A lack of iodine can lead to mental retardation, a learning disability, and poor physical development.

Zinc: Take 10-15mg a day.

Mom can become zinc deficient if supplementing with greater than 30 mg of iron.

Deficiency in mom may result in poor brain formation, learning problems, and low immunity.

Zinc deficiency is also associated with preterm babies.

Vitamin E (mixed tocopherol): Take 200-400 IU a day to help prevent miscarriages.

****NOTE- Discontinue 1-2 weeks before delivery due to a mild blood-thinning effect.

Omega-3 Fatty Acids: Take 1-2 grams per day from fish oil or high lignan flax oil.

This is critical for proper brain, eye, and nervous system development in utero. Moms pass large amounts to their babies during this time, and deficiencies for her can lead to postpartum depression. Also, any reserve she has is continuously depleted with each child born.

Especially needed the last trimester and 12 weeks after birth. This is when DHA demands are high for proper brain development.

Omega-3 fatty acids increases a child’s immune system and reduces risk of allergies in infants.

Choline: Take 200-500 mg a day to support neurological health and fetal brain development.

Probiotics: Take 1 billion CFU or more. Studies found that women who supplement with Lactobacillus GG during pregnancy and while breast-feeding can lower the risk of the child developing eczema.

Vitamin B6: Taking 10- 25 mg three times a day can help relieve nausea and vomiting. Women taking birth control during months prior to pregnancy may be at risk of B6 deficiency.

Vitamin C with Bioflavonoids: Take 500-1,000 mg a day.

Low intakes of vitamin C before and during pregnancy increase the risk of preeclampsia.

Low levels of bioflavonoids are implicated in recurrent miscarriages.
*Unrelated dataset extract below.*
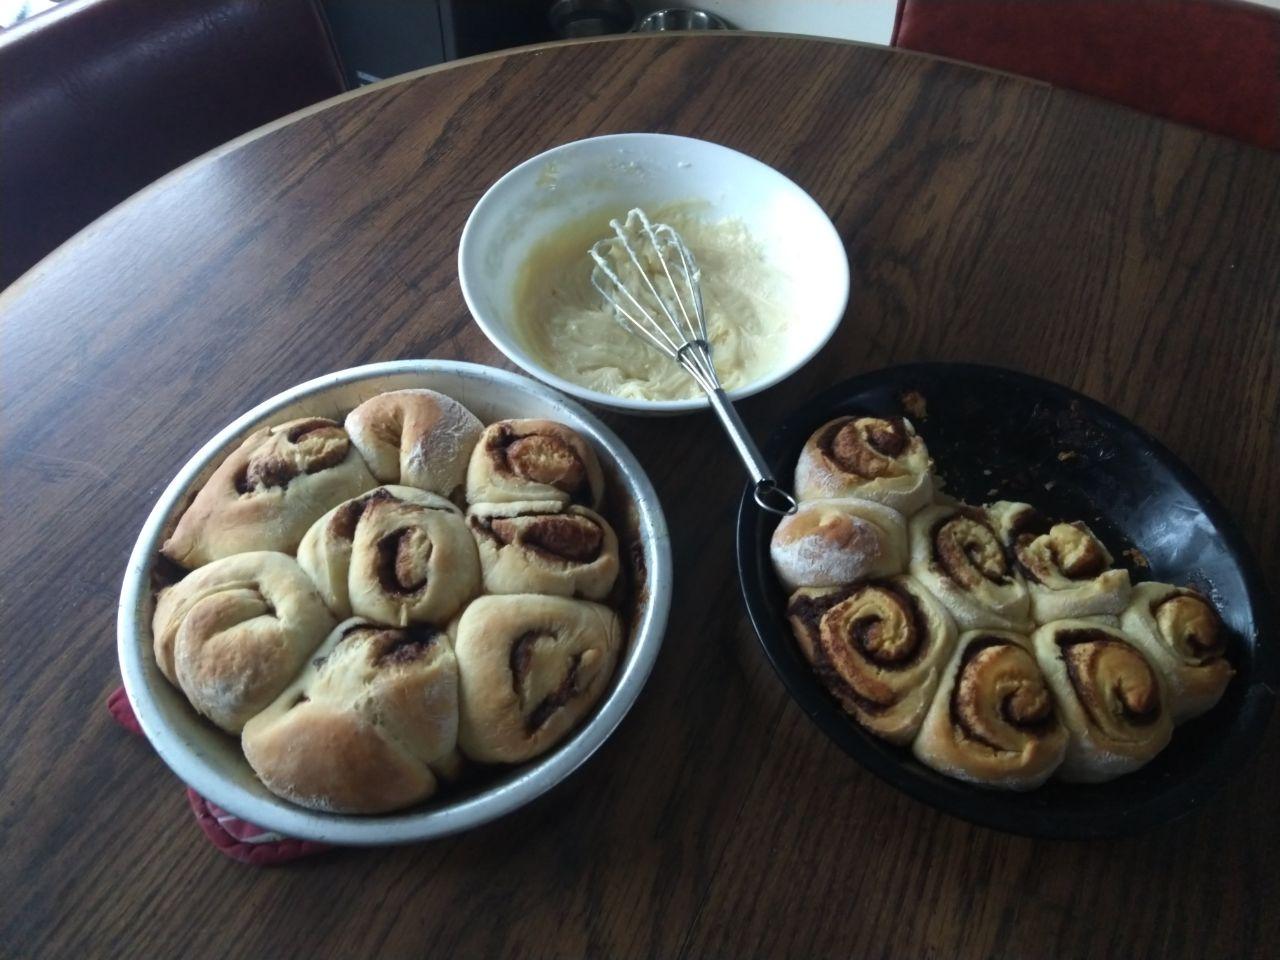 Cinnamon rolls in pie tins next to a bowl of frosting.

Vitamin C helps with vein and capillary strength, strengthens blood vessels of uterine wall, and tones skin elasticity.

Other considerations:

Herbs: A variety of herbs can be used for numerous issues one may encounter during pregnancy. Make sure the herbs are “class 1” (safe for use during pregnancy) according to the Botanical Safety Handbook of the American Herbal Products Association. Also some herbs have the potential for causing miscarriages or other serious problems; therefore, one should consult with an experienced and knowledgeable practitioner for their proper usage. A safe example is taking ginger for nausea.

Homeopathic remedies:
These will vary depending on the issue. An example is taking Ipecac, Nux vomica, or Nat mur for morning sickness.

Aromatherapy: certain essential oils are safe topically. Safe examples are lavender and chamomile for nausea or fennel and anise for heartburn.

Light yoga
or Pilates

***Please be sure to consult with a qualified practitioner (Ob-Gyn or midwife) who will work with you to set up an appropriate individualized plan pertaining to your specific challenges and health concerns.